His phone rang, bringing him awake with an unpleasant jolt of adrenaline. His eyes opened to the sunlight outside the window. Going on ten o’clock, he decided. He grabbed the phone.
“Package got picked up a few minutes ago,” Petra said. “We watched the plane take off for the mainland. Tell Grace the walk-in’s clean. No need to worry about the health inspector.”
“Thanks,” Luther said.
“No problem. Like old times. How are you doing?”
“Okay.”
“You did what you had to do. Get over it and have breakfast with Grace.”
Luther closed the phone and looked at Grace.
“Petra says I should get over it and have breakfast with you.”
She smiled. “Sounds like a plan.”
THIRTY-FIVE
Grace scooped the tiny black seeds out of the papaya half and set the fruit on a plate.
Luther watched her while he made coffee, his expression bleak. He was still recovering from the trauma of what had happened in the garage, she thought. He needed time.
“This isn’t the kind of place you’re used to, is it?” he said.
Startled, she paused in the act of carrying the plates to the small kitchen table. “What?”

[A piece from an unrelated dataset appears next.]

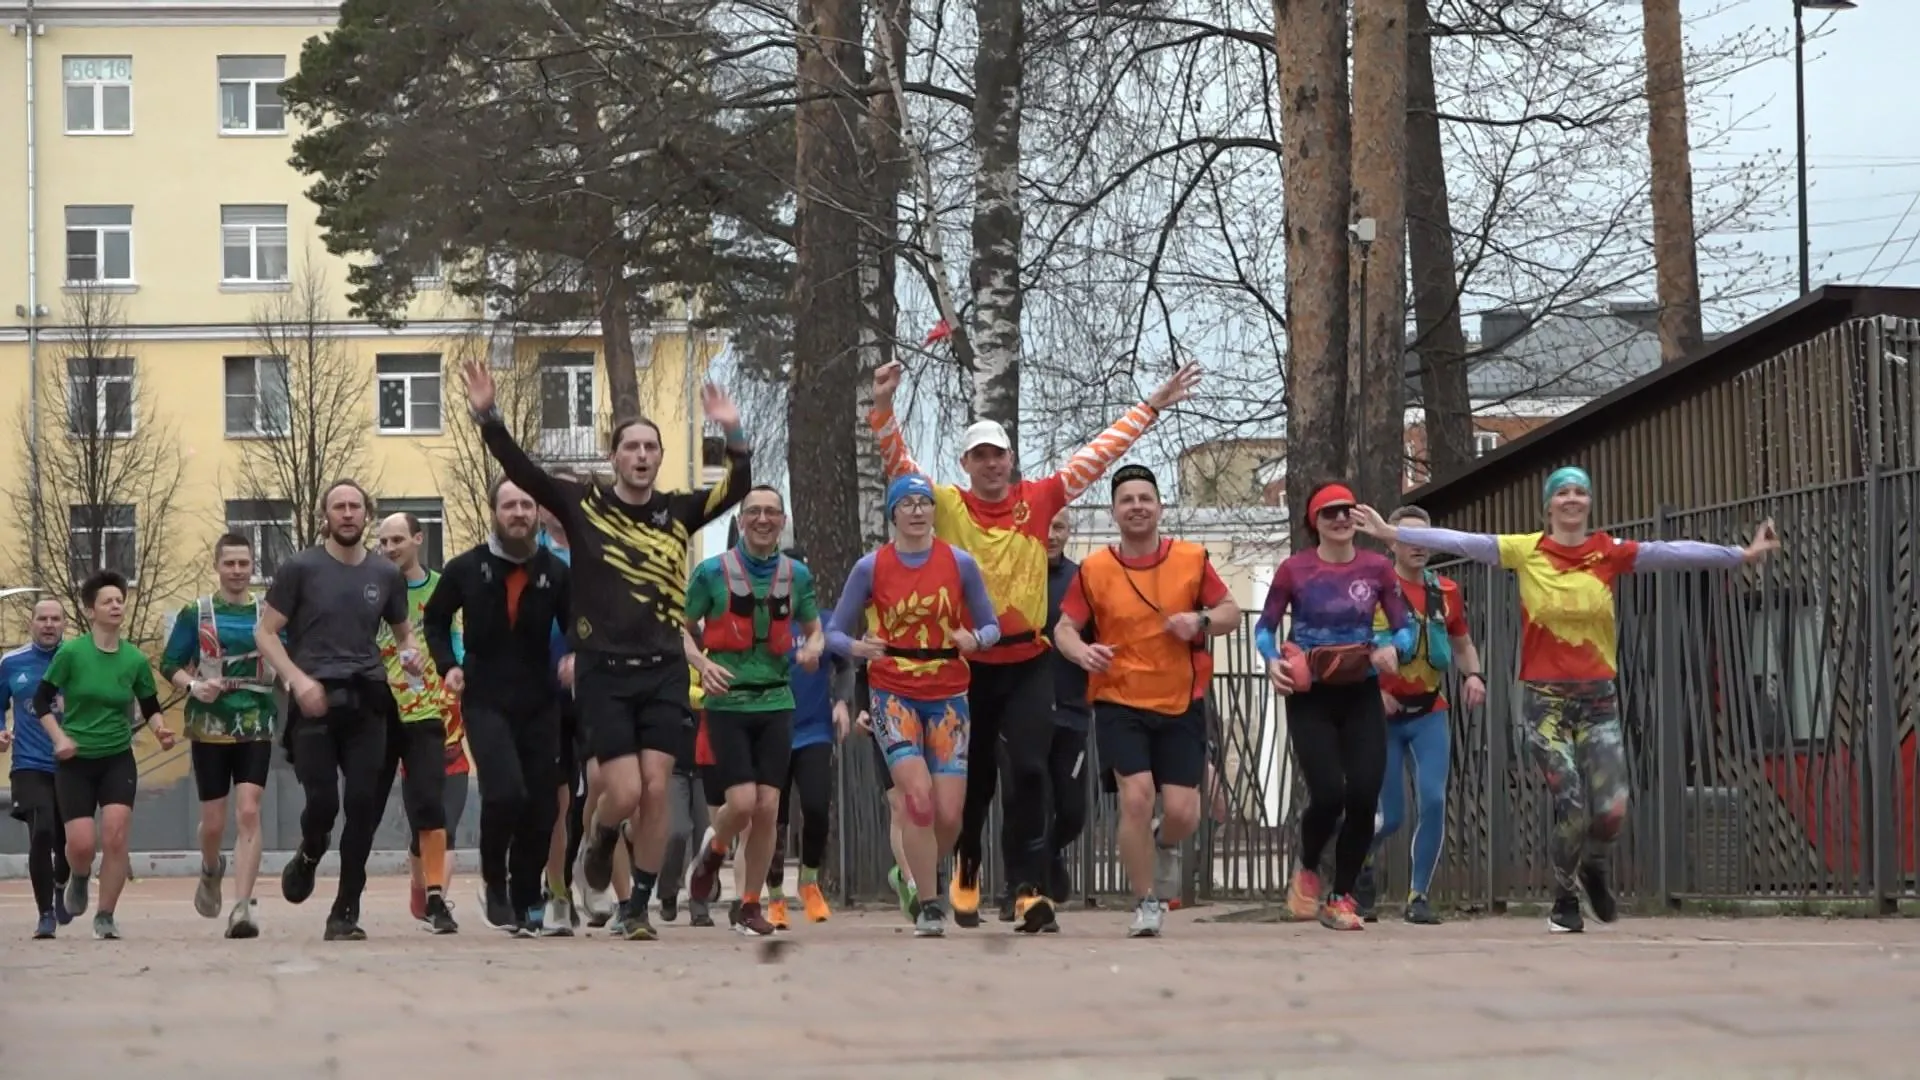 Около 200 легкоатлетов выступили на марафоне в Балашихе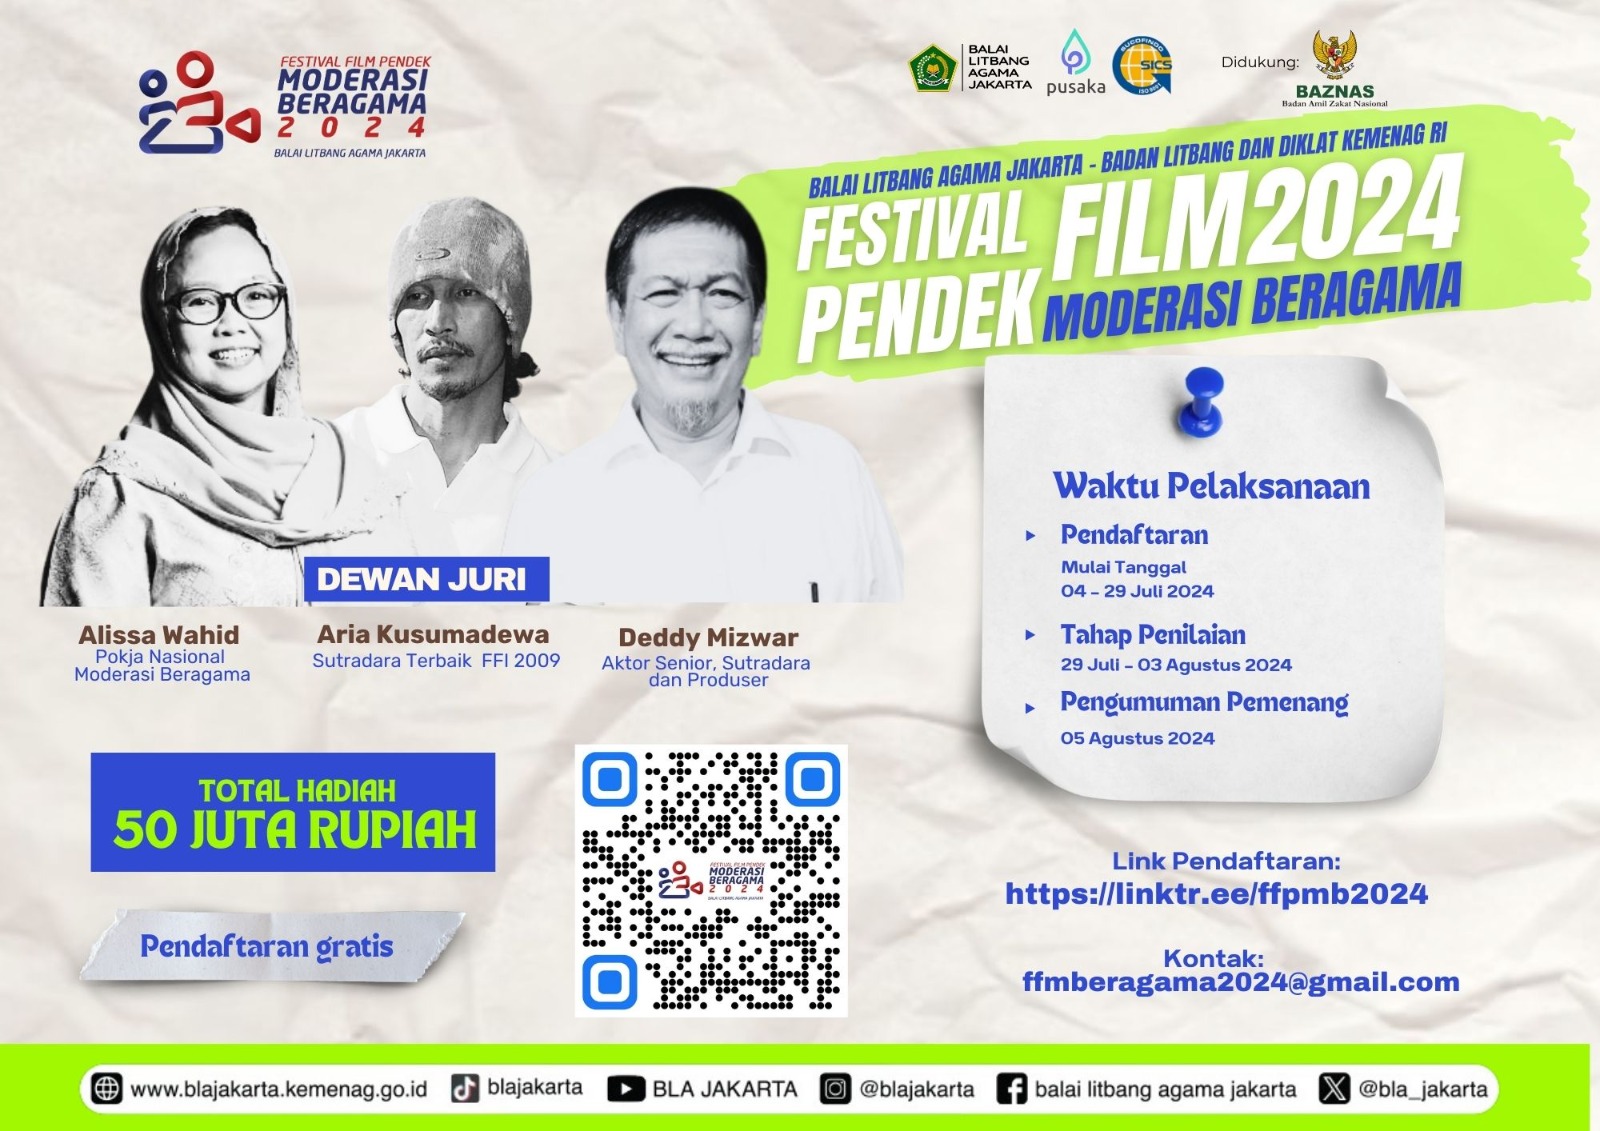 Balai Litbang Agama Jakarta Kembali Gelar Festival Film Pendek Moderasi Beragama 2024

“This apartment.” He angled his head to indicate the cramped kitchen-living area and the small bedroom beyond. “It’s not exactly your style. I could tell that first day when we checked into the hotel suite on Maui. You didn’t even blink.”
She set the plates down very carefully, unsure of where the conversation was going.
“Should I have blinked?” she asked, wary.
“No, because you’re accustomed to that kind of first-class travel.”
“Ah,” she said. She smiled.
“What the hell is that supposed to mean?”
“It means I now know where you’re going with this conversation. Yes, I did spend more than a decade traveling first-class. Martin Crocker knew how to make money and he paid me well. But before I met Martin I was living in an apartment that was about this size and buying my clothes in thrift shops. My cottage in Eclipse Bay is not much bigger than this place.”
He gave her a head-to-toe glance, silently underlining the fact that her shirt and trousers had not come from a thrift shop.